Caught in the political vise
And now — with only a few months to go before the vote — social media platforms are also caught up in a content battle between Republicans and Democrats, with pressure coming from campaigns, politicians and the president himself. It’s a level of microscopic attention that was only beginning to bubble up in 2016.
For the left, Russia’s unchecked meddling during the last presidential race, which U.S. national security agencies concluded was partly aimed at aiding Trump, soured Democrats’ view of social media. For the right, the companies’ perceived bias against conservatives’ views has spurred Republican demands they avoid moderating any political speech — as well as a recent Trump executive order threatening legal liability for sites that show bias in allowing or removing content.
The companies insist political views do not factor into their decisions, and in fact they have asked the federal government in recent years for guidance on what constitutes permissible online speech. The First Amendment largely prevents the government from making such calls, though, and Congress’ efforts to legislate oversight rules for political social media ads have stalled because of a split between Republicans and Democrats on how to handle the issue.
That partisan divide may have even become a pawn in the disinformation war. Kim, the University of Wisconsin-Madison researcher, said she found evidence of foreign actors pretending to be U.S. activists in an apparent effort to amp up the divisions between the left and right. They put up incendiary posts, for example attacking the feminist movement or linking Trump supporters with Vladimir Putin, to sow anger between the left and right.
Republicans and Democrats appear to only agree that social media companies are a big part of the problem. How they should fix the issue is the subject of a deep, partisan divide that was on full display at a House Energy and Commerce subcommittee hearing on disinformation in June.
“Social media companies need to step up and protect our civil rights, our human rights and our human lives, not to sit on the sideline as the nation drowns in a sea of disinformation,” said the subcommittee’s chair, Rep. Mike Doyle (D-Pa.). “Make no mistake, the future of our democracy is at stake and the status quo is unacceptable.”

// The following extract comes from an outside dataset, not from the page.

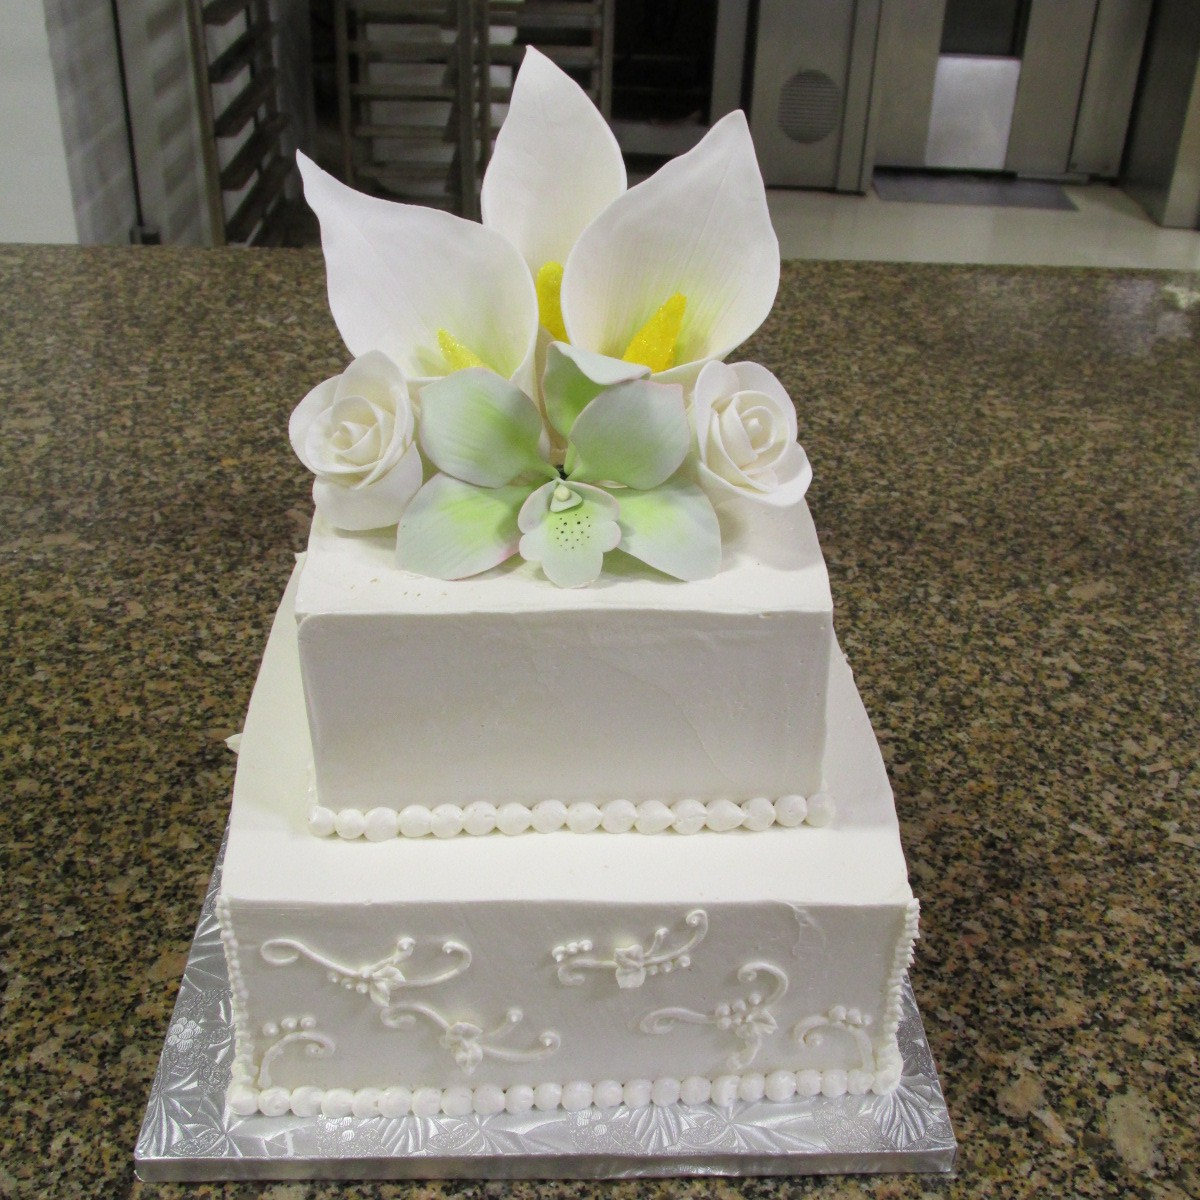 Wedding Cake with Handmade Gumpaste Flowers

Minutes later, his Republican co-chair, Rep. Bob Latta (R-Ohio), chimed in. “We should make every effort to ensure that companies are using the sword provided by Section 230 to take down offensive and lewd content,” he said, before adding: “But that they keep their power in check when it comes to censoring political speech.”

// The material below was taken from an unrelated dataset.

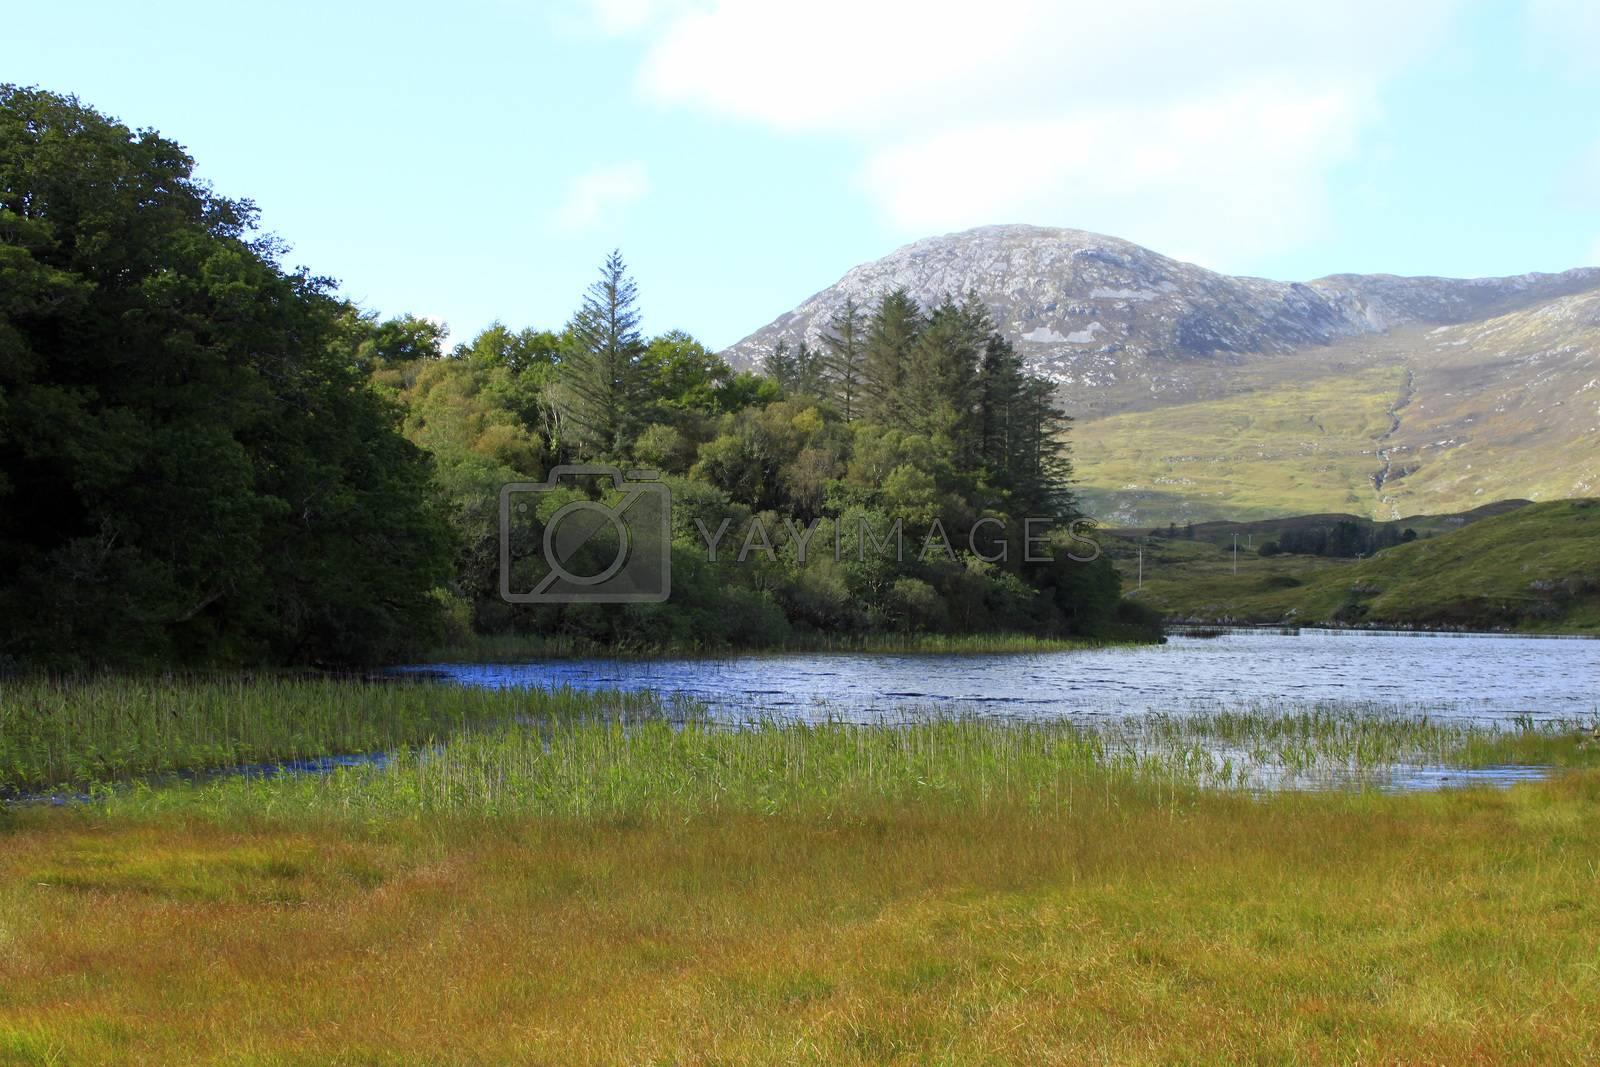 Royalty free image of Connemara rural scene by a_phoenix

With Washington split on how to handle the problem — and both foreign and domestic groups gearing up for November’s vote — misinformation experts are left wondering how bad, and widespread, the online trickery will be later this year.
“I didn’t see a meaningful drop in misinformation between 2016 and 2018,” said Laura Edelson, a researcher at NYU who has tracked the spread of paid-for political messages across social networks during recent electoral cycles. “The next trial will be the 2020 election, and I’m not optimistic.”